Date: Sunday, July 10
|11:00–11:30||Introduction to Queer in AI and Initiatives|
|11:30–12:30||Panel on Non-Binary Representation in Language Technologies|
|14:00–14:30||Lightning Talks by Sponsors|
|14:30–15:30||Panel on Gender as a Variable in NLP|
|16:00–16:45||Socials with Sponsors|
Detecting Harmful Online Conversational Content Detection towards LGBTQIA+ Individuals
Jamell Dacon, Harry Shomer, Shaylynn Crum-Dacon, Jiliang Tang
Harmful online content from real-word conversations has become a major issue, hence, we introduce a real-world dataset for the task of harmful conversational content detection to study and understand stereotypical societal biases against LGBTQIA+ individuals.
Outed by an Algorithm: A Study on Facebook’s Friends Recommendation System for Queer, Trans and Gender-Non-Conforming Users
This paper raises the issue of Facebook’s friends recommendation system indirectly outing queer users to their communities. The author proposes a few business rules to add to the algorithm in order to protect queer users’ privacy and safety.
Towards WinoQueer: Developing a Benchmark for Anti-Queer Bias in Large Language Models
Virginia K. Felkner, Ho-Chun Herbert Chang, Eugene Jang, Jonathan May
We introduce a new benchmark dataset to quantify the biases against queer and trans people that are encoded in large language models (LLMs) such as BERT. Results show mitigation of bias is possible via finetuning the models on data written by and/or about queer people.

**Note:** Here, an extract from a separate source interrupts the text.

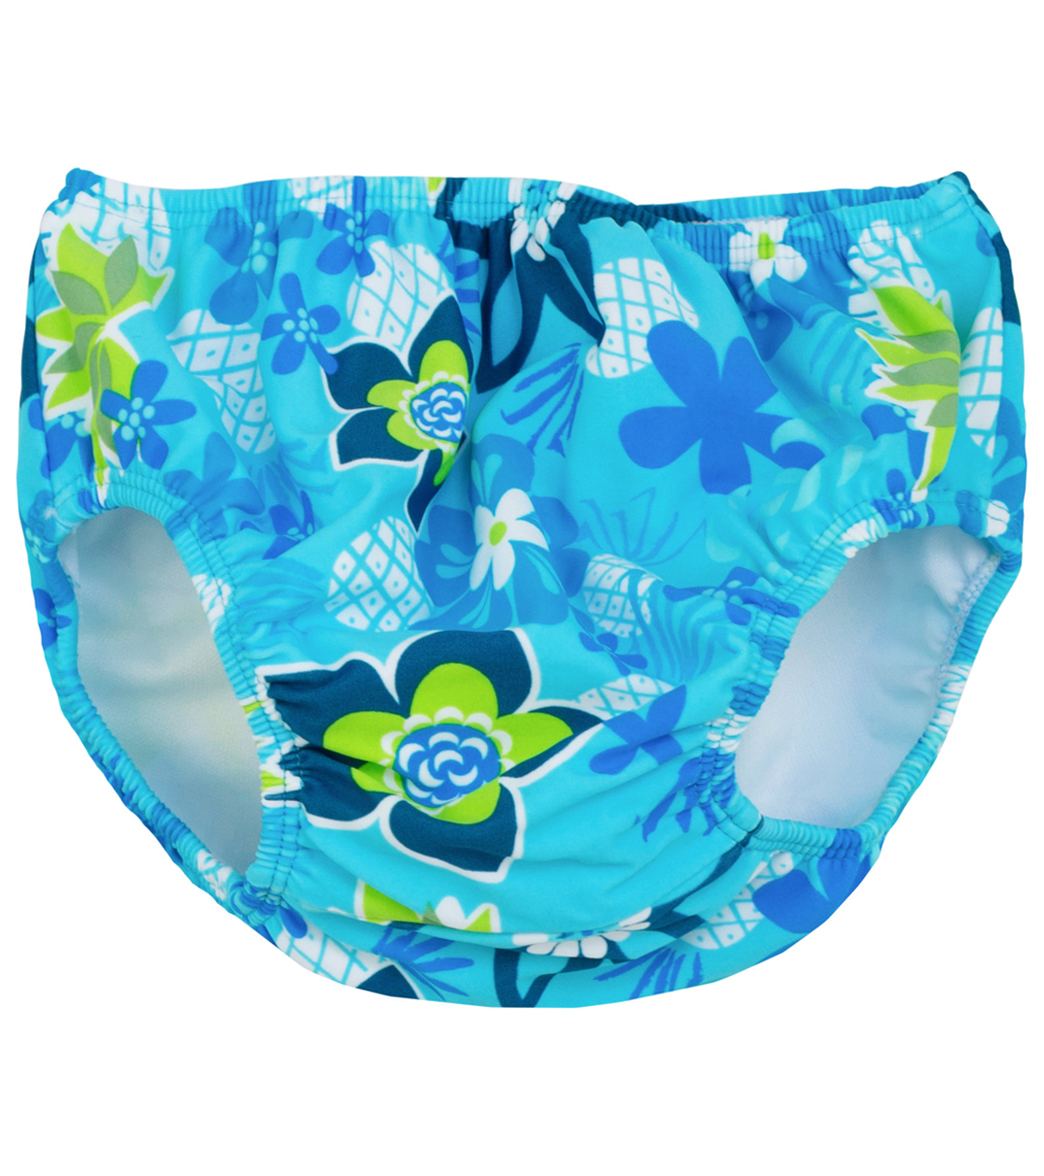 Tuga Girls' Swim Diapers 3 Mo-30 Mo - Cristillo Large 12-18 Mo Size Months - Swimoutlet.com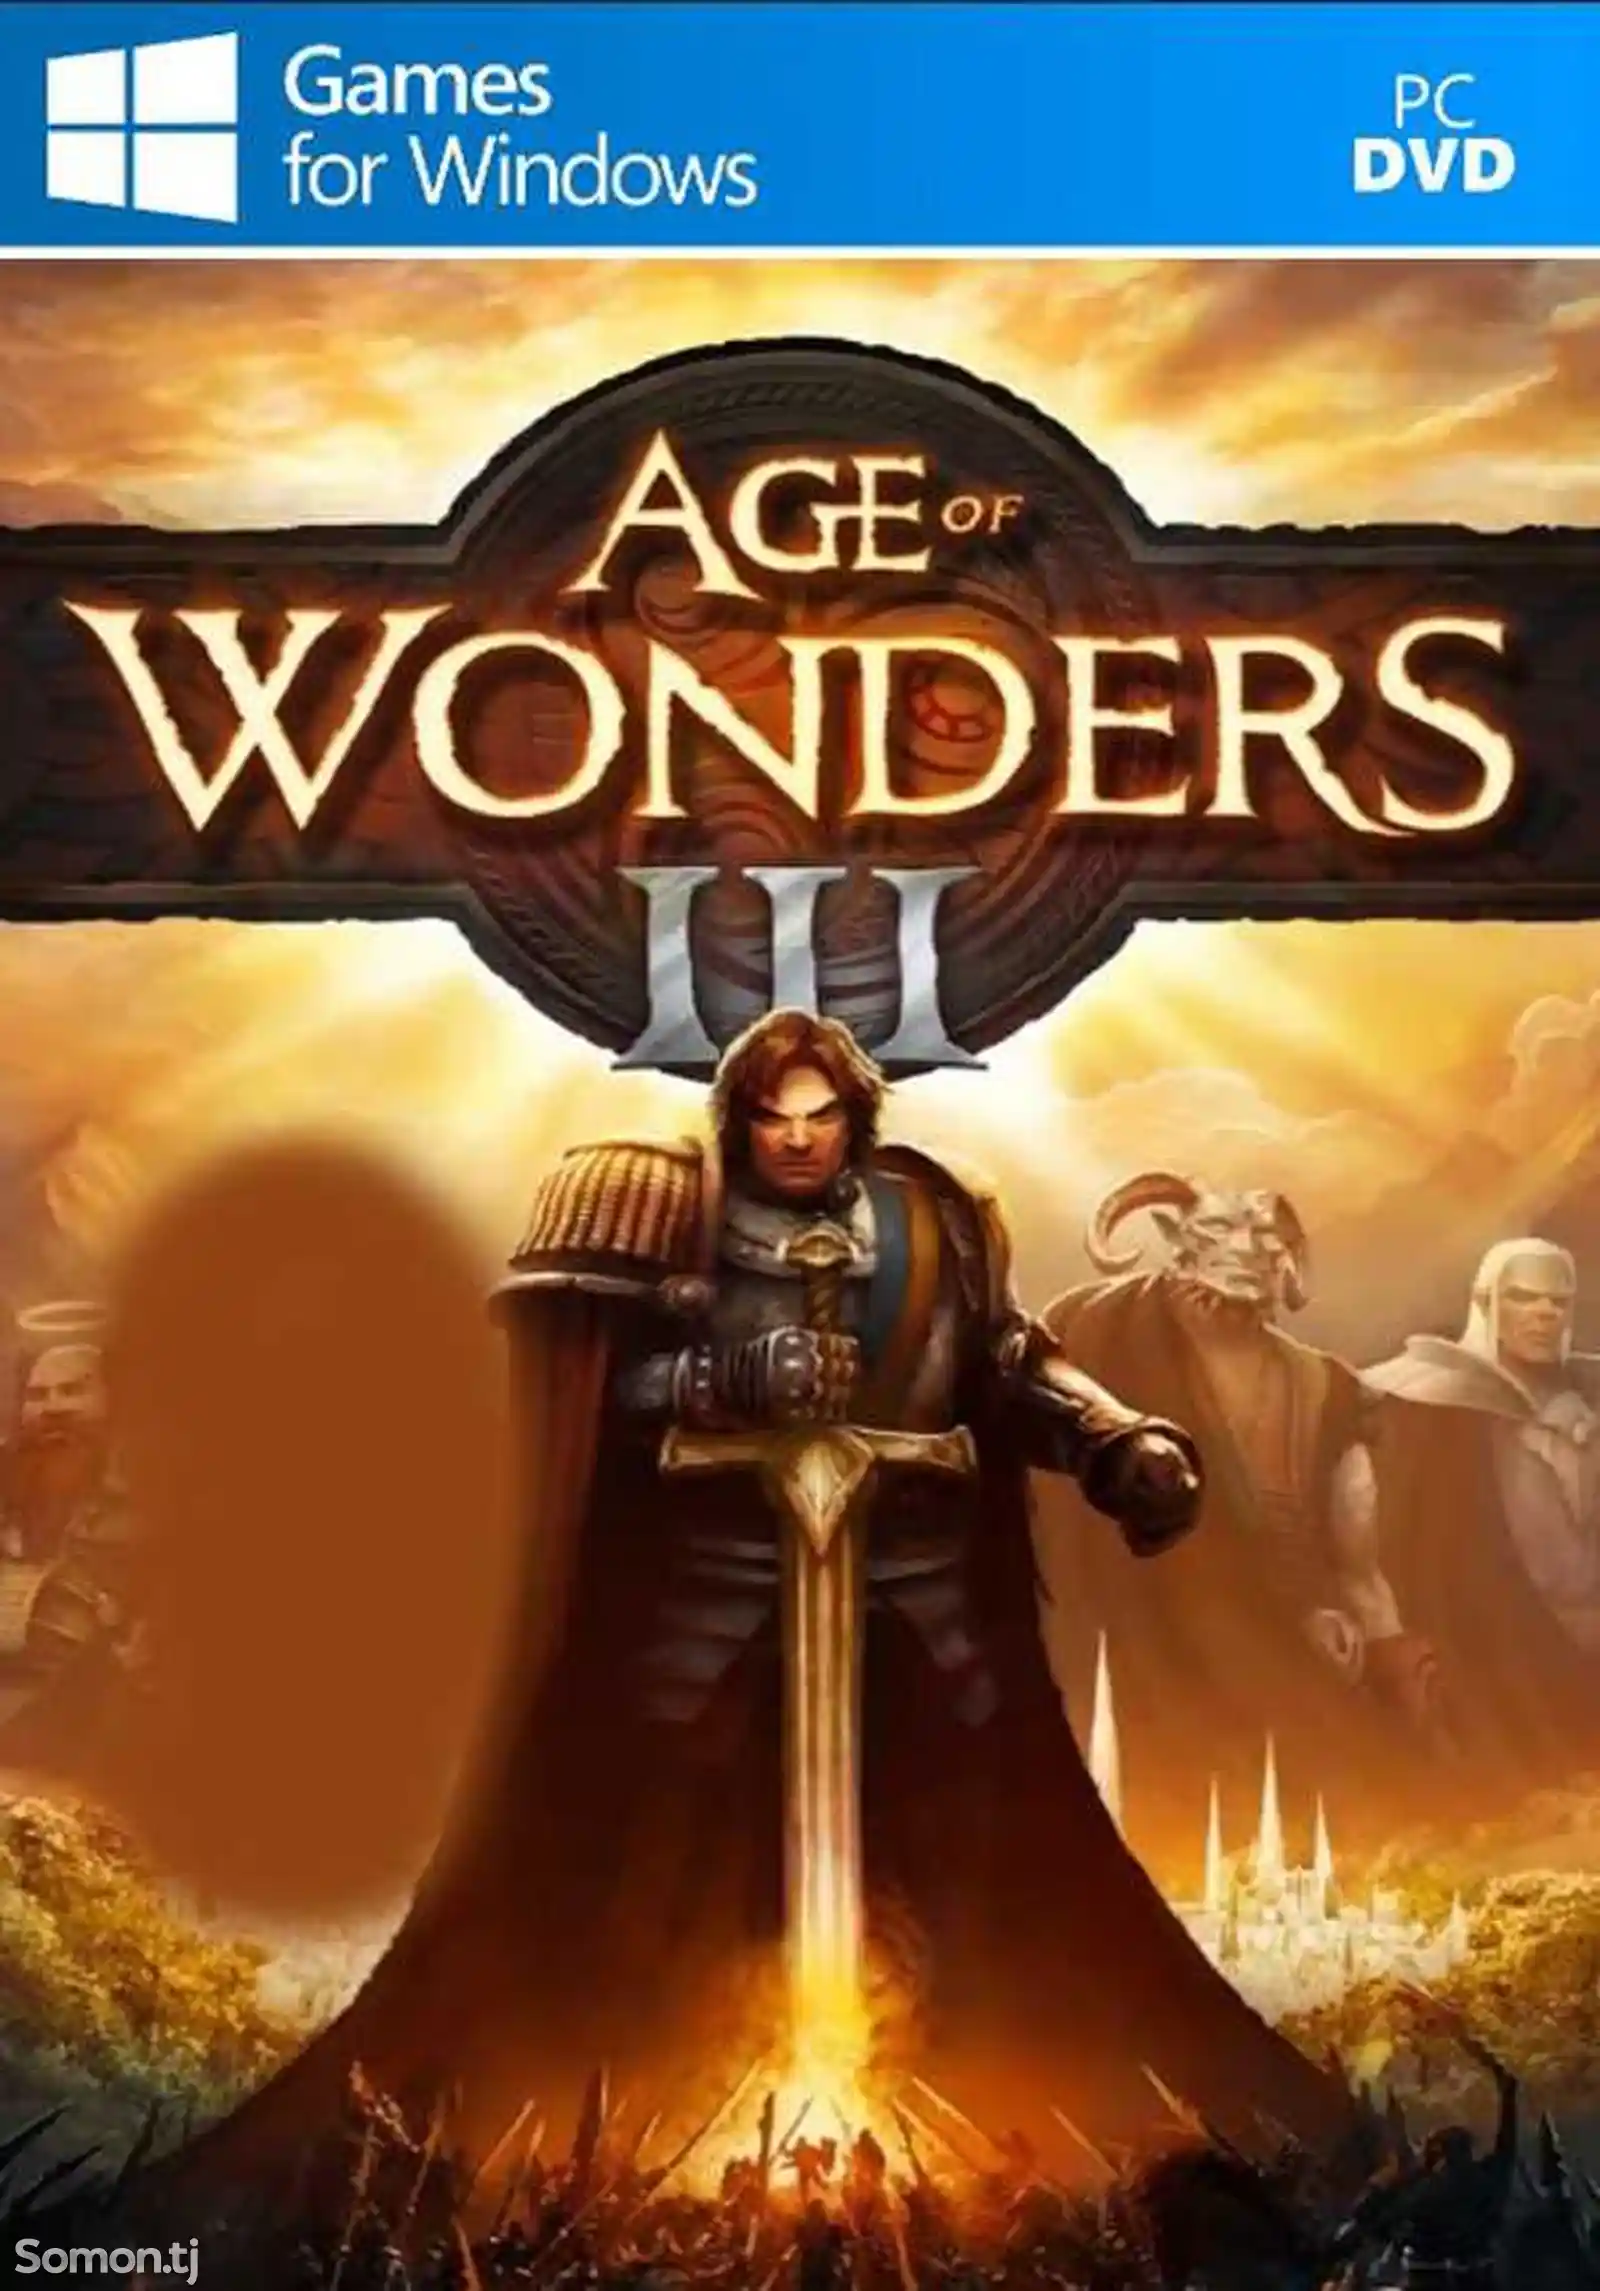 Игра Age of wonders 3 для компьютера-пк-pc-1

Use of a Stylometric Map-Based Corpus for Tracking Individual Variation in Relation to Gender and Sex
Theodore Daniel Manning, Harleigh Niyu, Alejandro Jorge Napolitano Jawerbaum, Patrick Juola
Map Lemon is a corpus of linguistic variation currently in its infancy. Incidental findings using this corpus indicate that the gender identity of a given writer may be able to be disambiguated.
Overview of STEM Science as Process, Data, Material, and Method Named Entities
The STEM-NER-60k corpus posits a structured model of scholarly article abstracts in terms of process, method, material, and data entities across 10 different STEM domains. This study presents, for the first-time, an analysis of a large-scale multidisciplinary corpus as an inadvertent feasibility test of characterizing Science with domain-independent concepts for over 1M entities.
CNSC: Czech news article dataset for classification of originating source and its credibility
The proposed CNSC dataset contains over 22,000 unique articles spanning nine major Czech news sources across the spectrum of trustworthiness and political profiling. For this workshop, we will explore the trends in the data that concern reporting about LGBTQ+-related topics. This provides context into the potentially harmful effects this has on the classification methods trained upon highly biased data collected in areas like Eastern Europe.
Tackling Gender Microaggressions in Hindi
In this paper, I create a small gender microagressions dataset in Hindi and crowdsource its labeling, and then construct a novel pipeline to detect microagressions in Hindi.